Деньги, все девяносто восемь рублей, оказались на месте.
— Да-а-а, память девичья, — с упреком сказал Мише Андрей Андреевич. — Ты уж извини, Леонид…
— Чиво там! — буркнул обрадованный Ленька. — Андрей Андреевич, вы не сомневайтесь. Я этой, как ее… Ануш за потраву возместю.
— «Возместю»! — передразнил кто-то из вожатых. — Что ж, ты в другом саду нарвешь и ей отдашь?
Но Ленька не принял шутки:
— Зачем же. Я отработаю… Я ей до конца смены каждый день рыбу носить буду.
Вожатые сдержанно засмеялись.
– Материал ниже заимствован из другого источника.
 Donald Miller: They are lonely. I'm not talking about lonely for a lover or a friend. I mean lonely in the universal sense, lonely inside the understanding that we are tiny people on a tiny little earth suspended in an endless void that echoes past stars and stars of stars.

А Сергей, попросив слова у начальника, обратился к Клещову:
— Скажи, Ленька, только честно: ты знал, что в сад Ануш лезешь?
— Печка попутала, — вздохнув, угрюмо ответил Ленька. — Честно, я думал: это Фаносопулы сад. Там у него белая печка стоит. Раз все говорят, что кулак он… ну и… А потом, когда на весь лагерь крик подняли, и линейка, и всякое… чего ж тут… сиди и молчи в тряпочку…
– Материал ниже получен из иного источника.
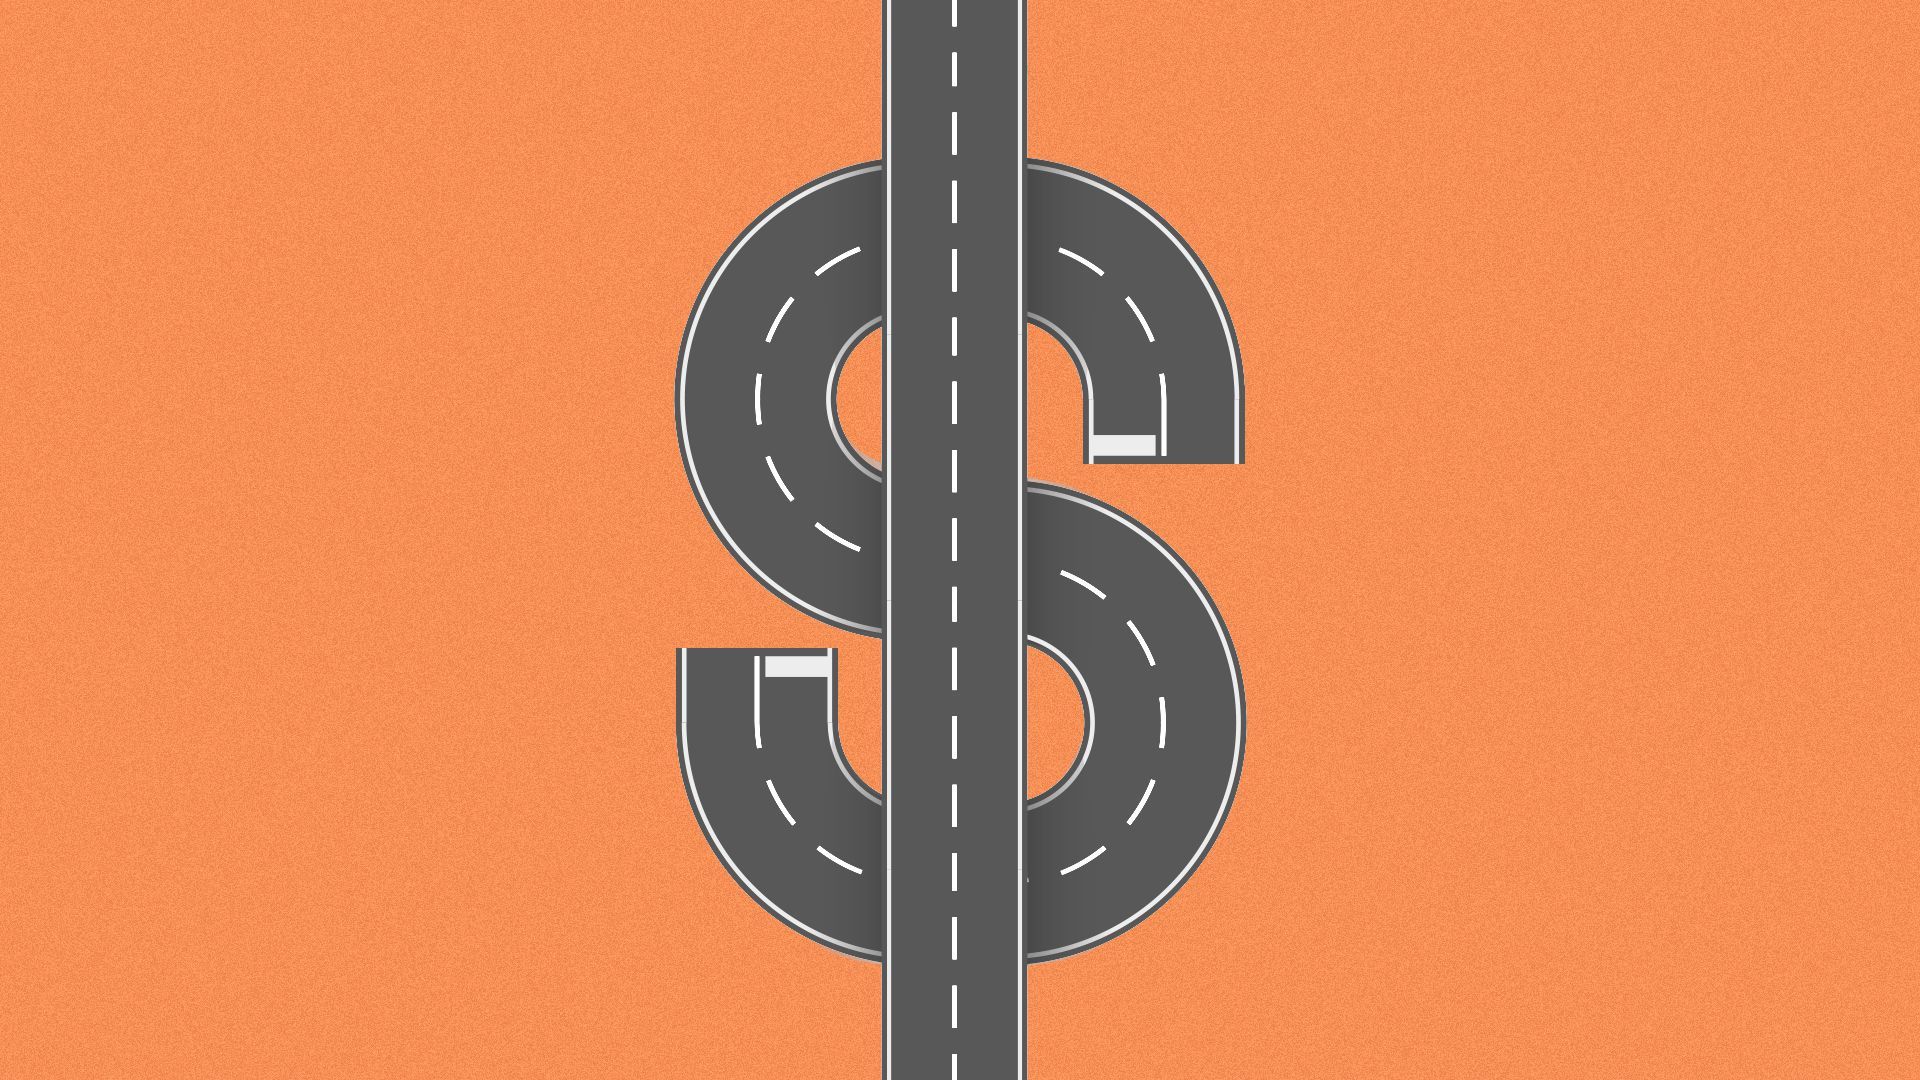 Illustration of a road in the shape of a dollar sign.

За дверями библиотеки, где проходило заседание совета лагеря, послышался шум и крик:
— Пропусти! — кричал мальчишка. — Ты не имеешь права!
— Что еще там? — удивился начальник.
Сергей приоткрыл дверь, и в комнату под ногами загородившего вход дежурного прошмыгнул на четвереньках Вовка Иванов.
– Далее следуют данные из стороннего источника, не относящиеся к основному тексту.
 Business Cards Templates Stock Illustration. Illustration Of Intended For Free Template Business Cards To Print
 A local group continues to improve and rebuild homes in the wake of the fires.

— Подождите! Не выгоняйте! — прокричал он, поднявшись на ноги. — Я за него ручаюсь!
Его заявление встретили дружным смехом.
Вовка удивленно оглянулся и стал выкрикивать:
— Чего вы рыгочете?!. Он хороший!.. В середине!.. По краям только закоптился… как котел на огне… Очистить можно!..
Второе заявление Вовки вызвало такой хохот, что дрогнули стекла.
Вовка замолк, съежился и был готов заплакать.
— Тихо! — стукнул ладонью по столу Андрей Андреевич. И, когда тишина наступила, спросил: — Иванов, да ты, никак, заплакать хочешь?
— Вот еще! И не подумаю! — упрямо мотнул головой Вовка. — А чего ж они: «гы-гы-гы». Так Ануш сказала! Понятно?!
— Понятно, — серьезно ответил начальник. — Можешь спокойно идти в корпус. Мы учтем твое поручительство и пожелание Ануш Григорьевны.
После полдника всех собрали у ручья. Гора, подступающая к лагерю с севера, в нижней части образует ряд террас — широких, метров по десять, ступеней, поросших невысокой травой. Справа и слева — кустарники. Посередине, по ступеням террасы, прыгает ручей, к которому весь лагерь ходит умываться.